The late Hawaiʻi Fire Chief, Kazuo Todd, (right), Gov. Josh Green, (Center), and Hawaiʻi State Fire Marshal Dori Botth, (left.)
The late Hawaiʻi Fire Chief Kazuo Todd, right, with Gov. Josh Green and Hawaiʻi State Fire Marshal Dori Booth. Todd said the fire marshal’s office would provide an enforcement arm for public buildings, particularly public schools. (Office of the Governor/2025)

Todd said that a key motivation for him in helping to reestablish the role of the state fire marshal was to provide an enforcement arm for fire safety in all state facilities, particularly public schools.  

The annual inspections of public schools have regularly turned up issues with the fire protection systems, including faulty alarms and broken alarm systems that have not been replaced.

“So the big pitch for me was that even though we were inspecting some buildings, we weren’t even able to fix the problems there and these buildings had all of our kids inside of them,” he said.

The only problem, Todd said last week, is that the state currently doesn’t have any of its own fire inspectors.

Booth’s office is currently budgeted for $2.2 million for fiscal year 2026 and 2027. According to a November 2024 report by the Department of Labor and Industrial Relations, that level of funding would only fund one fire prevention officer and two fire inspectors. 

If fully funded, at between $4.3 million and $6.4 million-a-year, the fire marshal’s office would bump up to four fire prevention officers and eight fire inspectors.
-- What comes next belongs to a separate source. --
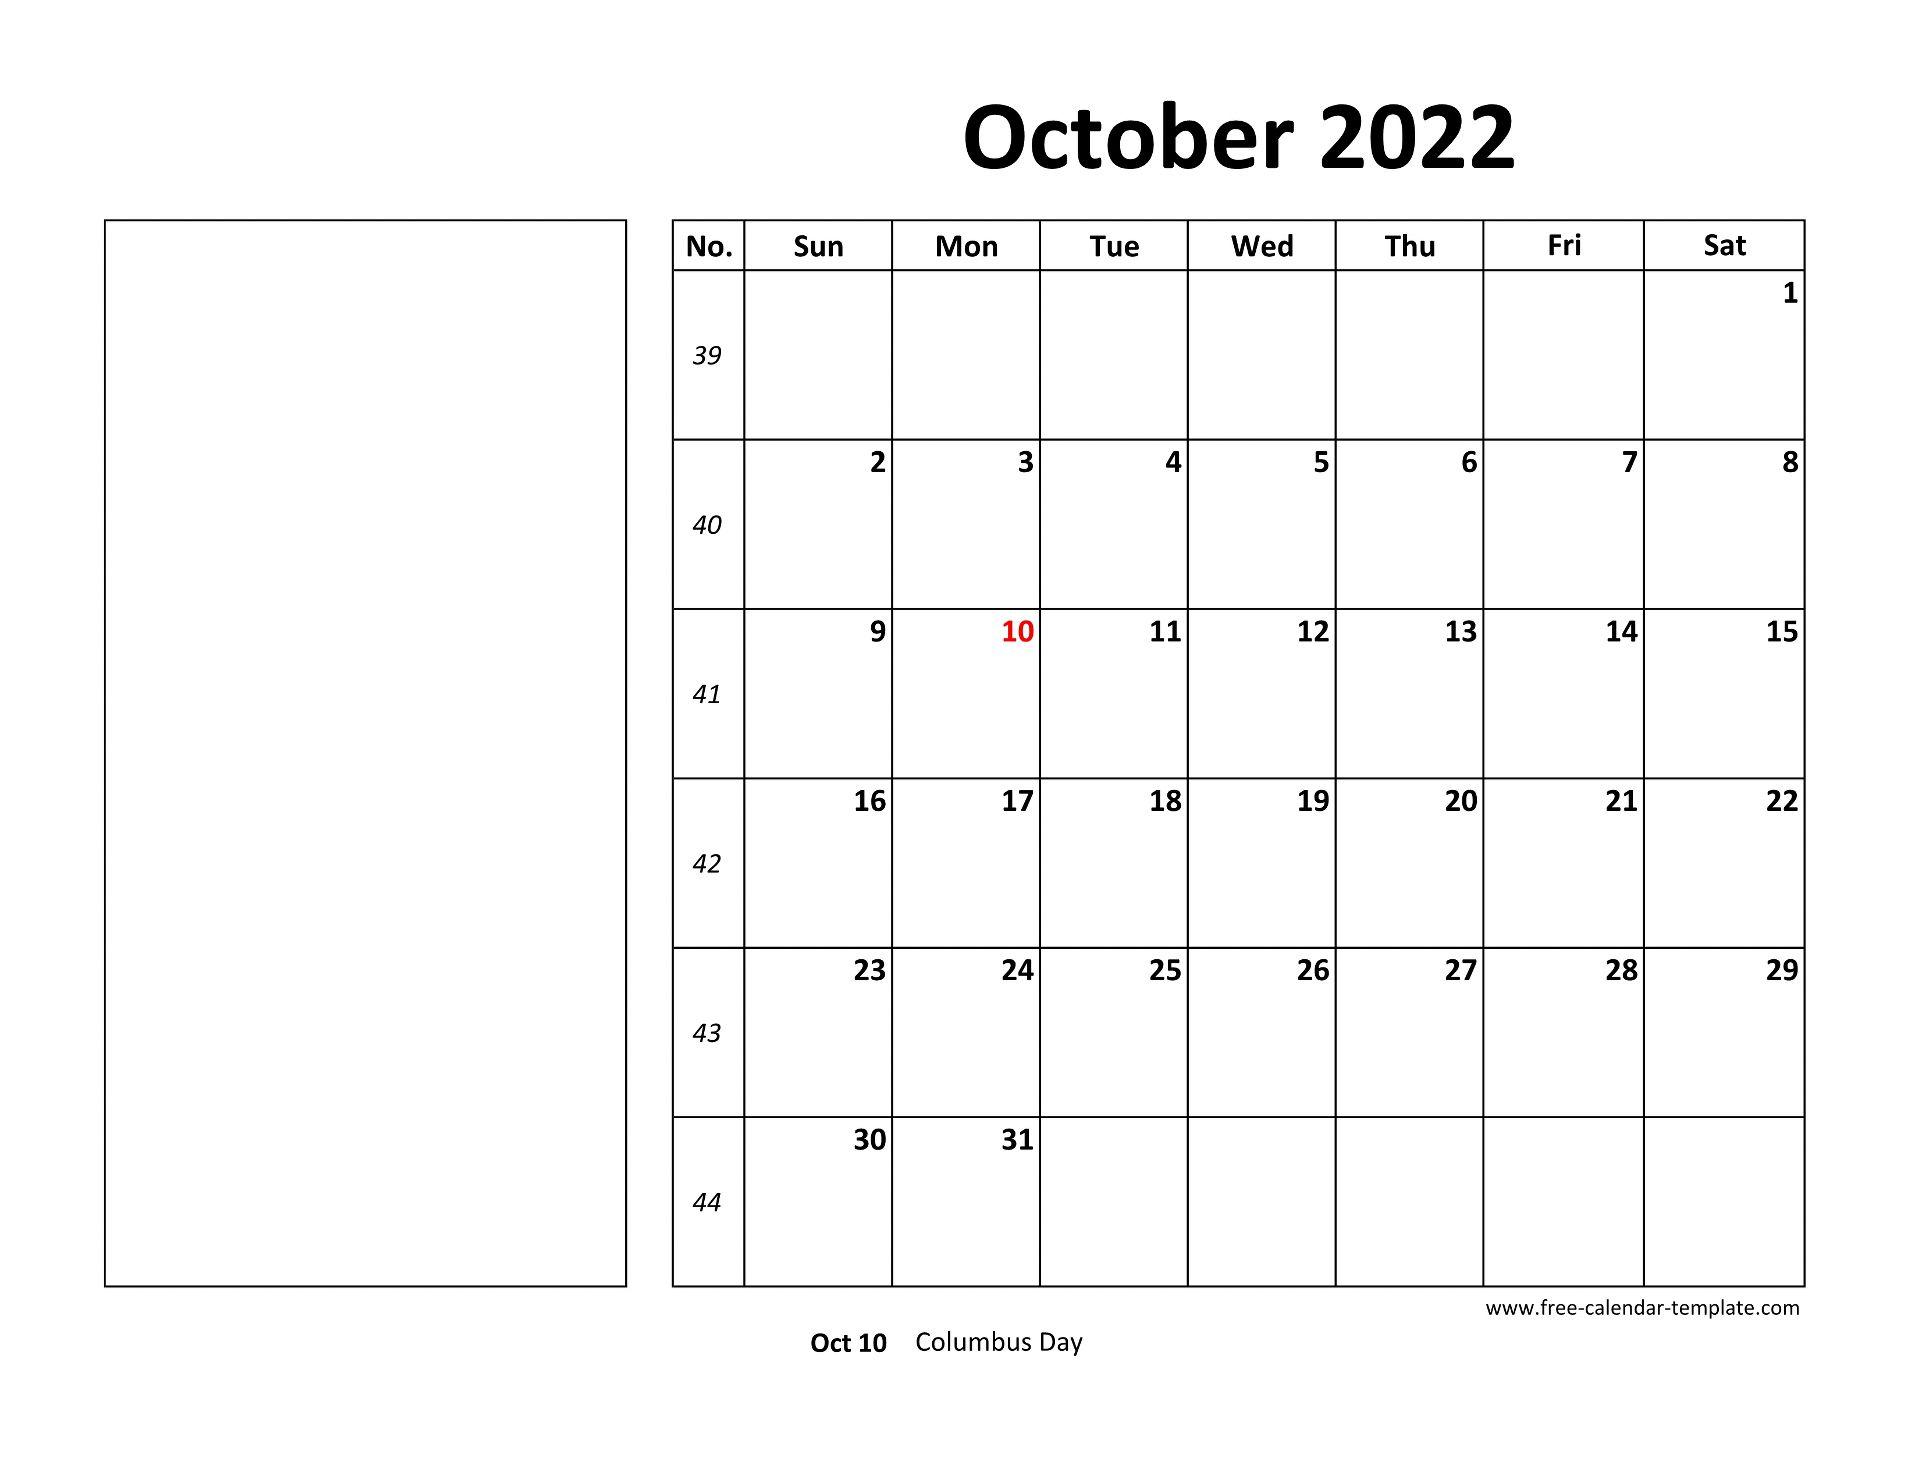 October 2022 Free Calendar Tempplate | Free-calendar ...

Booth’s future goals “will rely heavily on the ability to gain the budgetary support and approval at all levels,” McClellan said, “to recruit, train, and retain qualified individuals to maintain a proactive, forward-leaning Fire Prevention program.”

Disastrous Fire Prompted Reform In California

California has required county fire departments to conduct annual inspections of hotels, motels and other lodging since 2018. 

The legislation came two years after a warehouse fire in Oakland, California killed 36 people. The exact cause of the “Ghost Ship” warehouse fire — named after the illegally converted work and living space — was never determined, but faulty wiring is believed to have been a factor.

The California Office of the State Fire Marshal did not respond to a request for an interview about how well the program is working, but reporting shows that even large departments there struggle to meet annual requirements. 

The San Diego Tribune reported in May that 3,600 residential buildings and hotels and 76 private and public schools there either had no inspection record, or had not been inspected since 2023. The reporting did not specify the number of hotels on that list.

At the Hawaiʻi State Insurance Commission, spokesman William Nhieu responded via email on behalf of Commissioner Scott Saiki, saying that “from an insurance perspective, fire safety inspections play an important role in risk assessment and loss prevention, particularly for hotels, motels, and lodging houses that serve the public.

“When inspections are inconsistent or infrequent,” Nhieu wrote, “insurers may perceive increased risk, which can impact the availability, scope, and cost of insurance coverage.”